## Action item
Find the line containing "Call Of Duty Live". Retype it and every later line of the records exactly, leaving out pictures.

## Information
[Start of section]

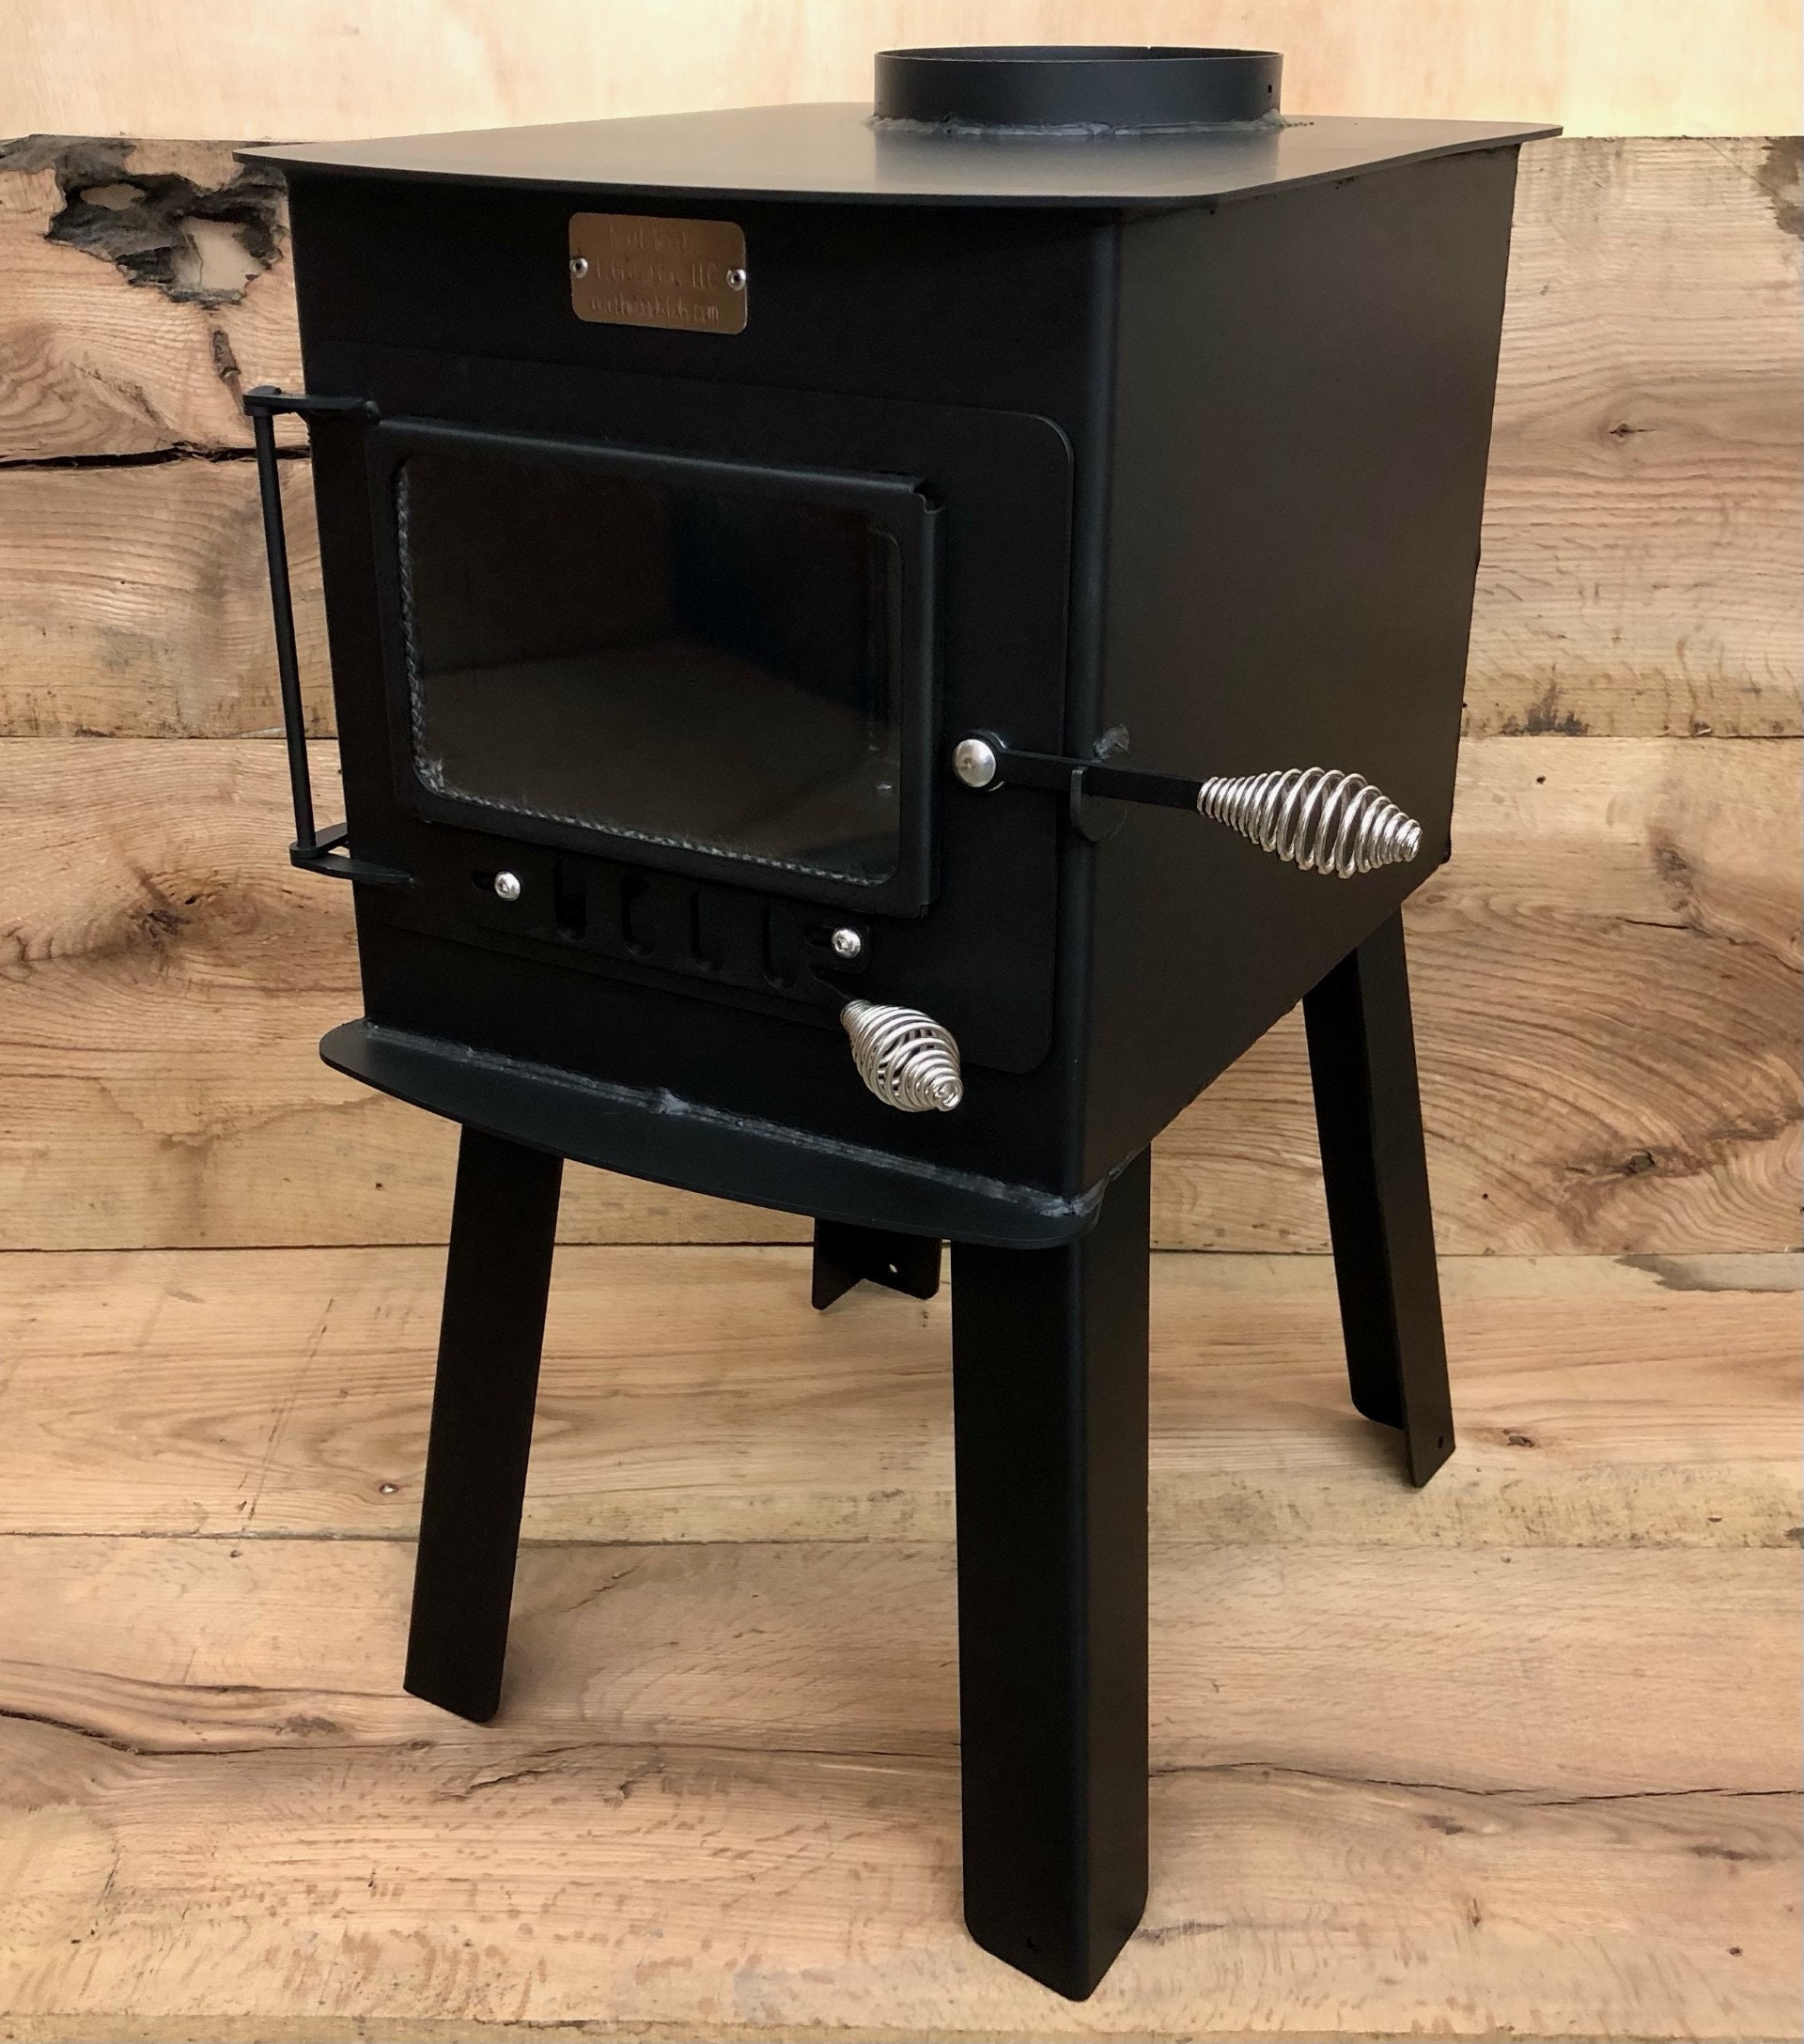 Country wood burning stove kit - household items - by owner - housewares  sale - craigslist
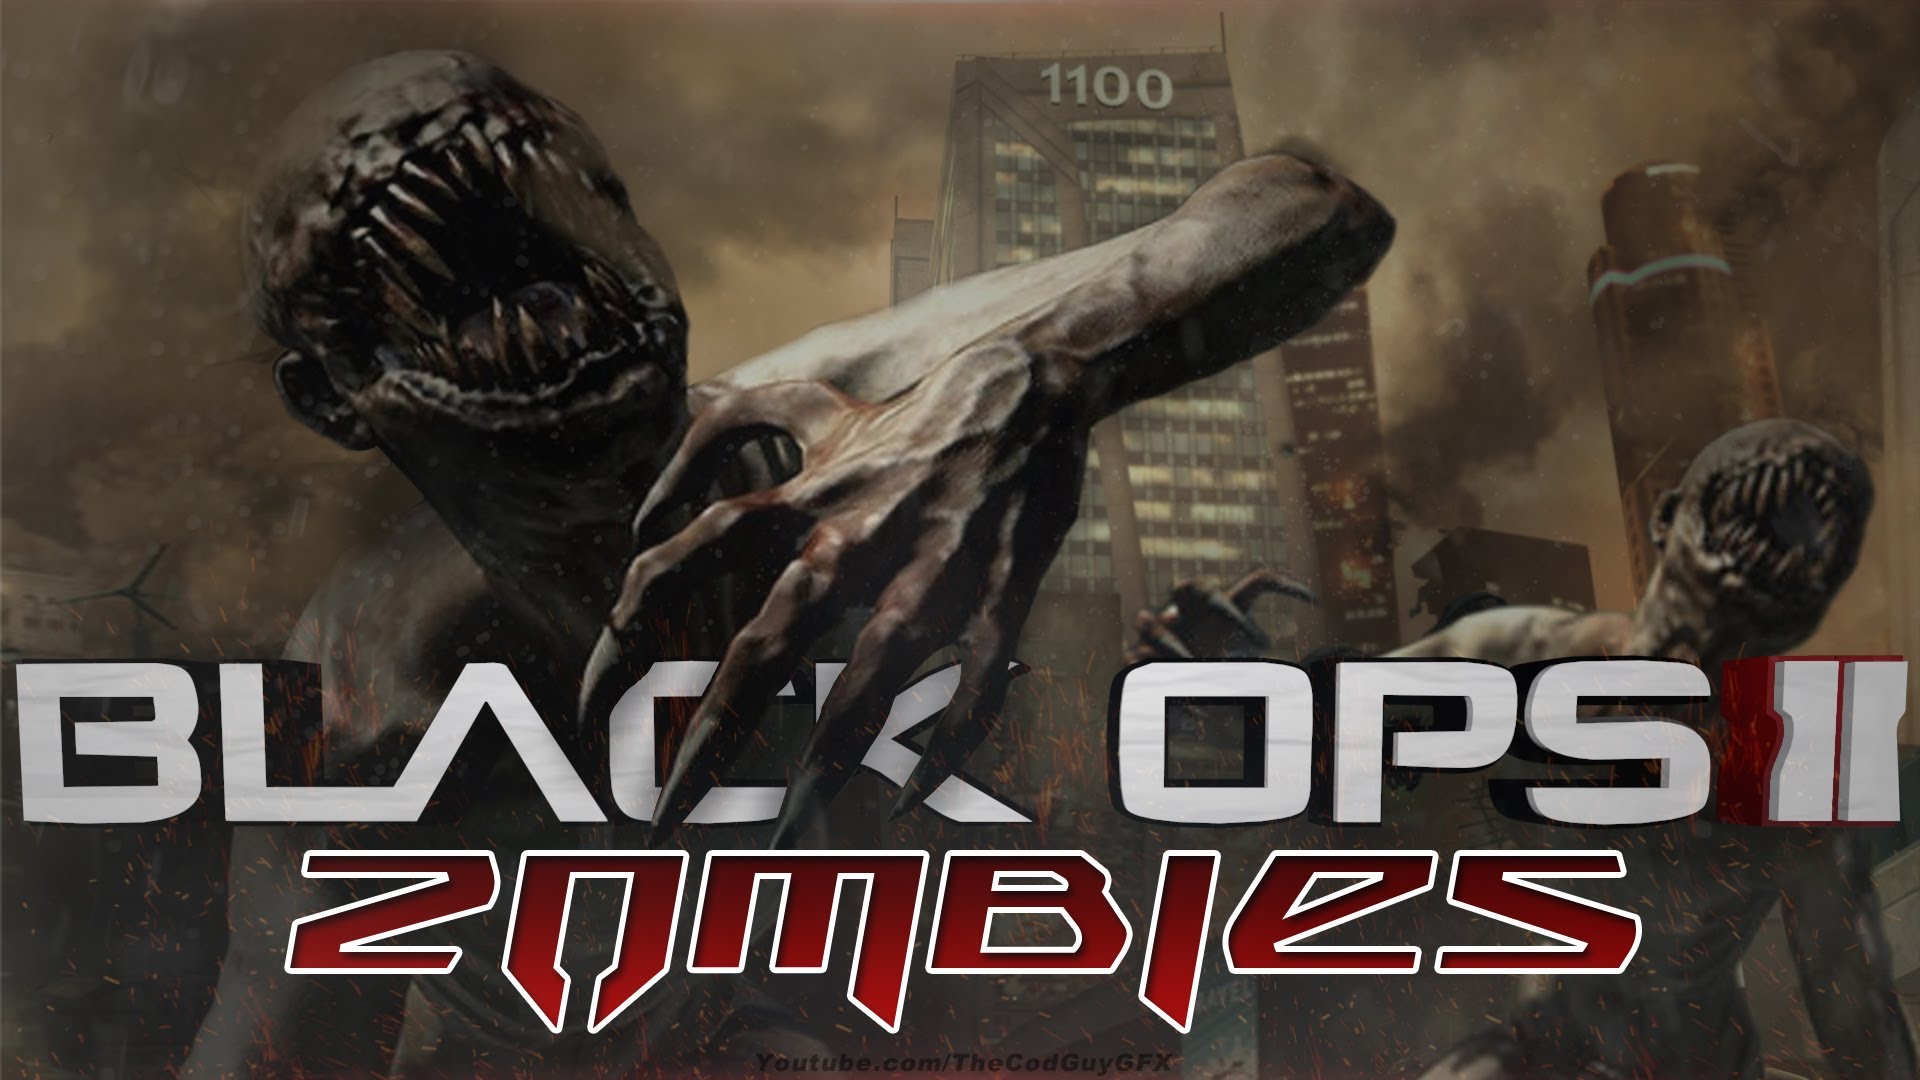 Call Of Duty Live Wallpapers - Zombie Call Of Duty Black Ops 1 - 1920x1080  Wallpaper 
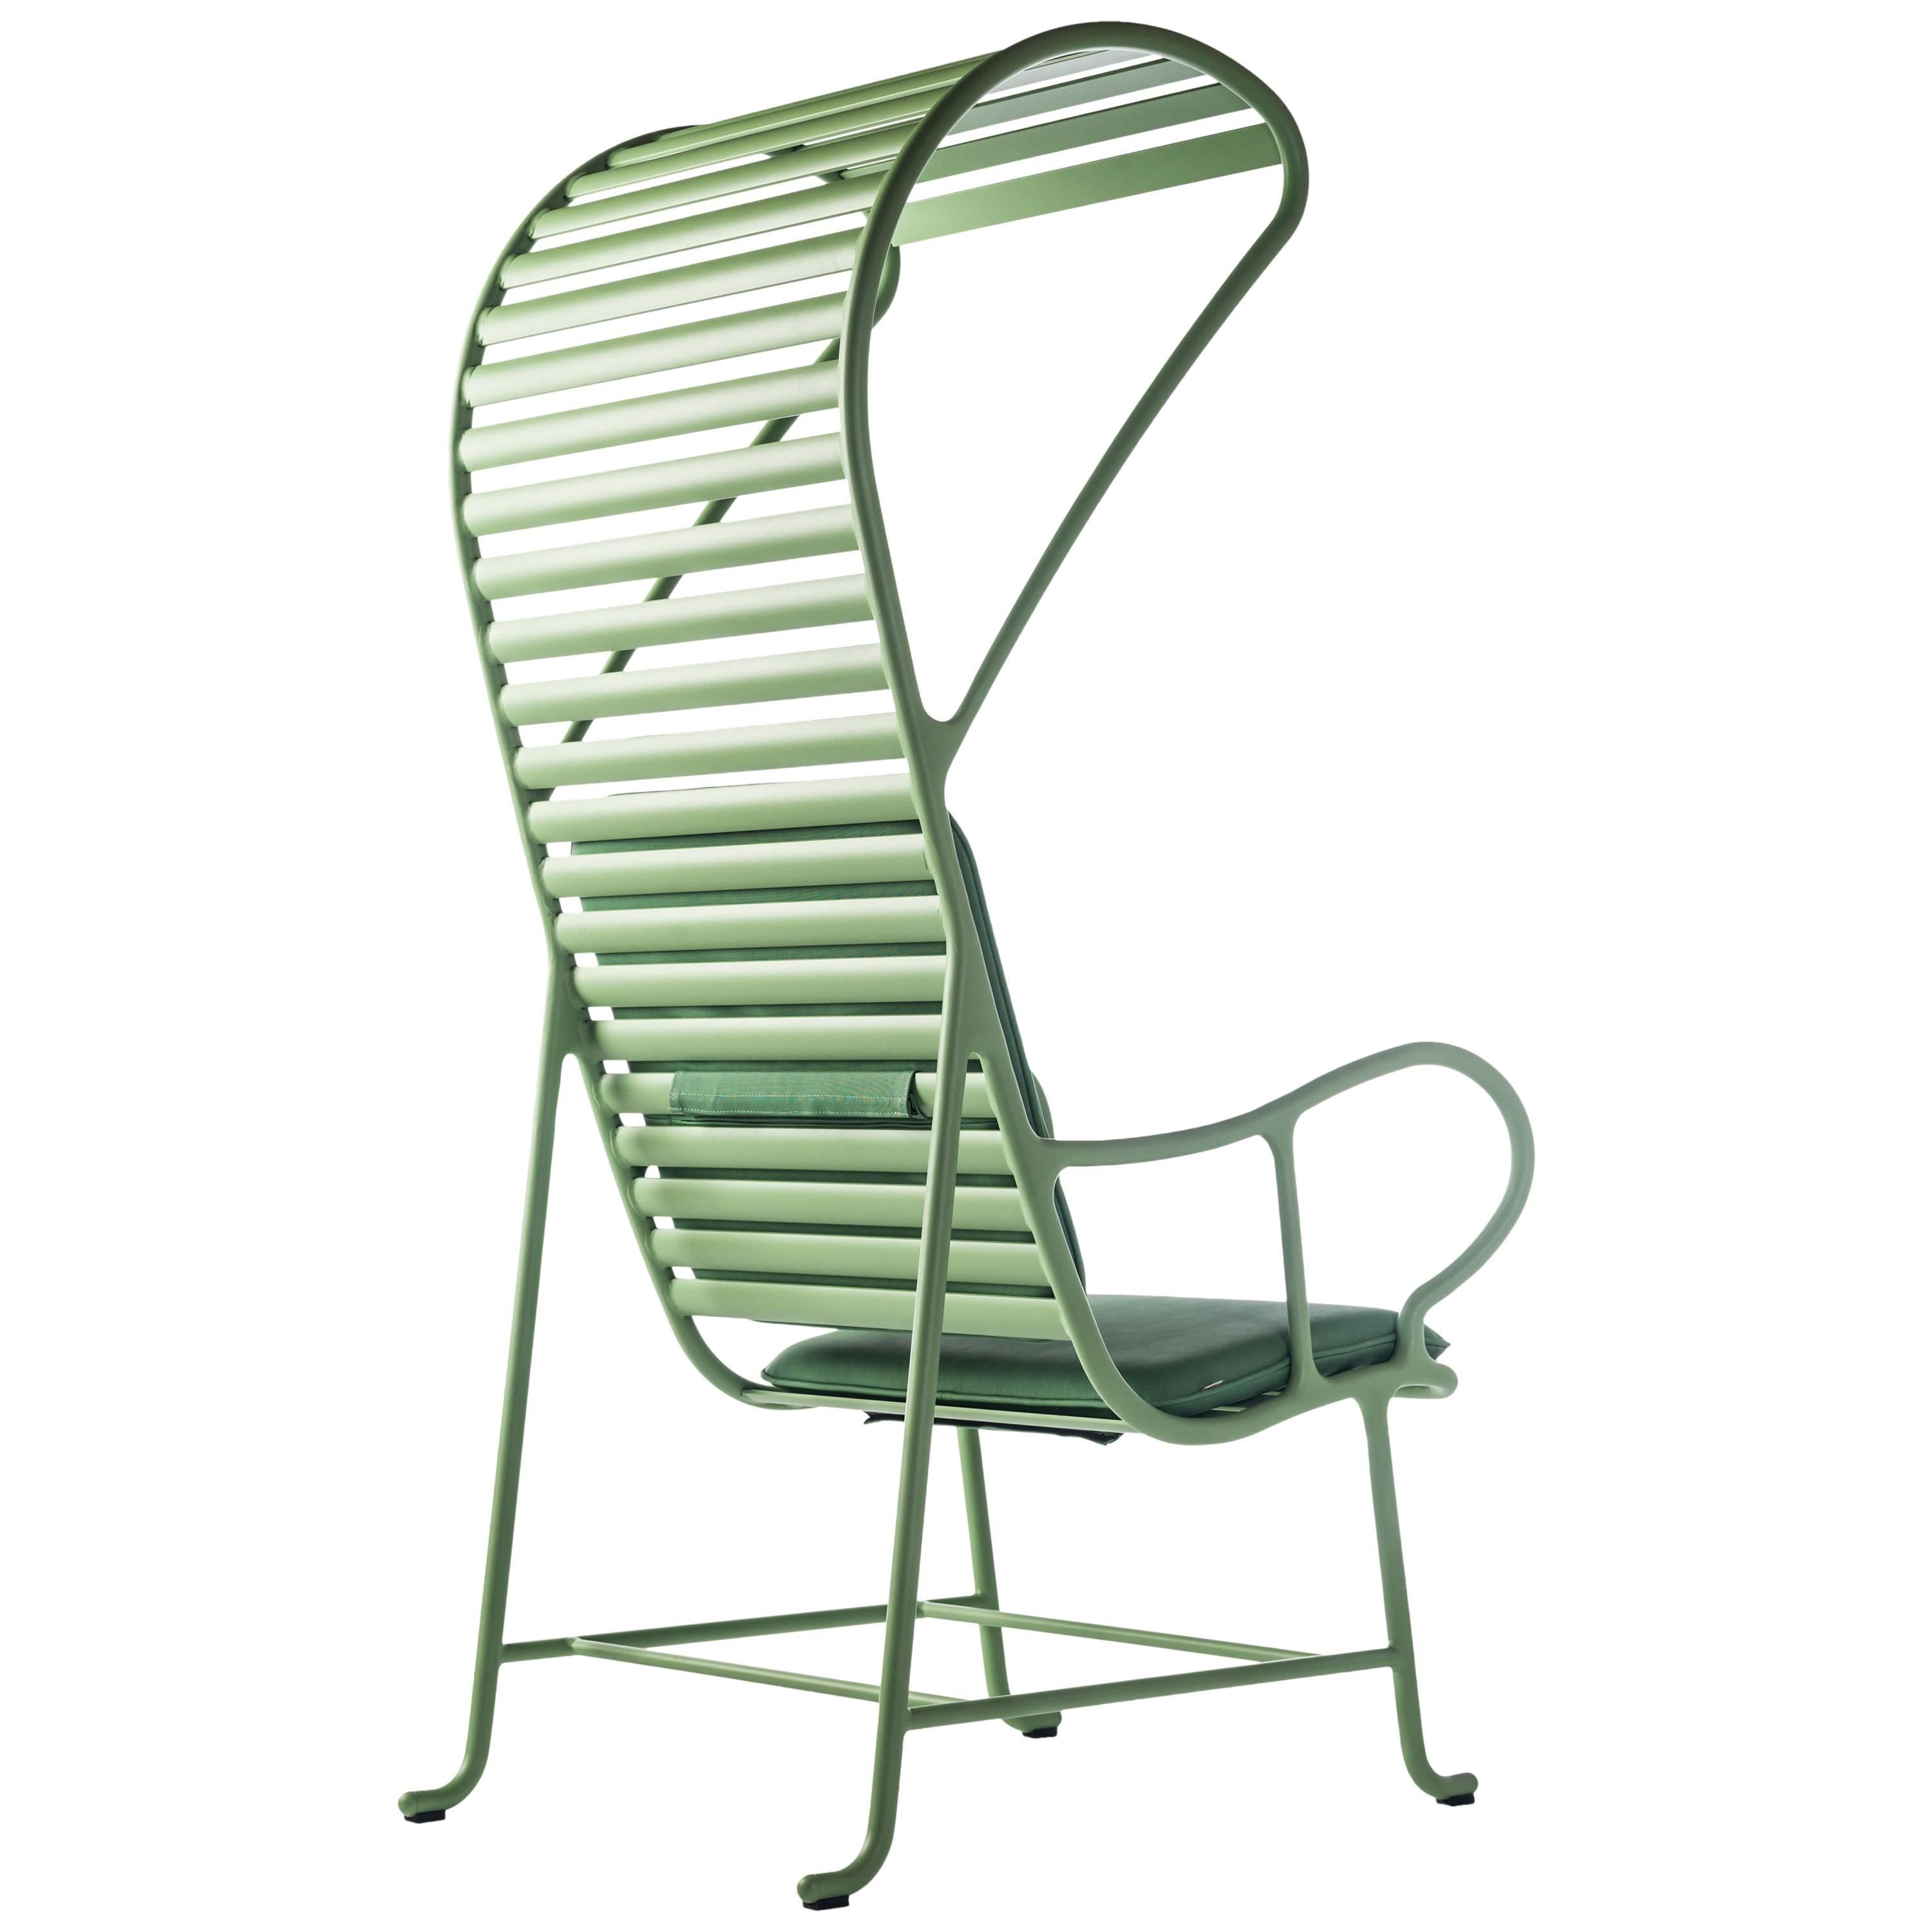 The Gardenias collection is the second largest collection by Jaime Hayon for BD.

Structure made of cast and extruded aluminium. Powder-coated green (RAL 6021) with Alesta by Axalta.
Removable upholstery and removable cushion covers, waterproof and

[End of section]

## Answer box
 Call Of Duty Live Wallpapers - Zombie Call Of Duty Black Ops 1 - 1920x1080  Wallpaper 
 The Gardenias collection is the second largest collection by Jaime Hayon for BD.

Structure made of cast and extruded aluminium. Powder-coated green (RAL 6021) with Alesta by Axalta.
Removable upholstery and removable cushion covers, waterproof and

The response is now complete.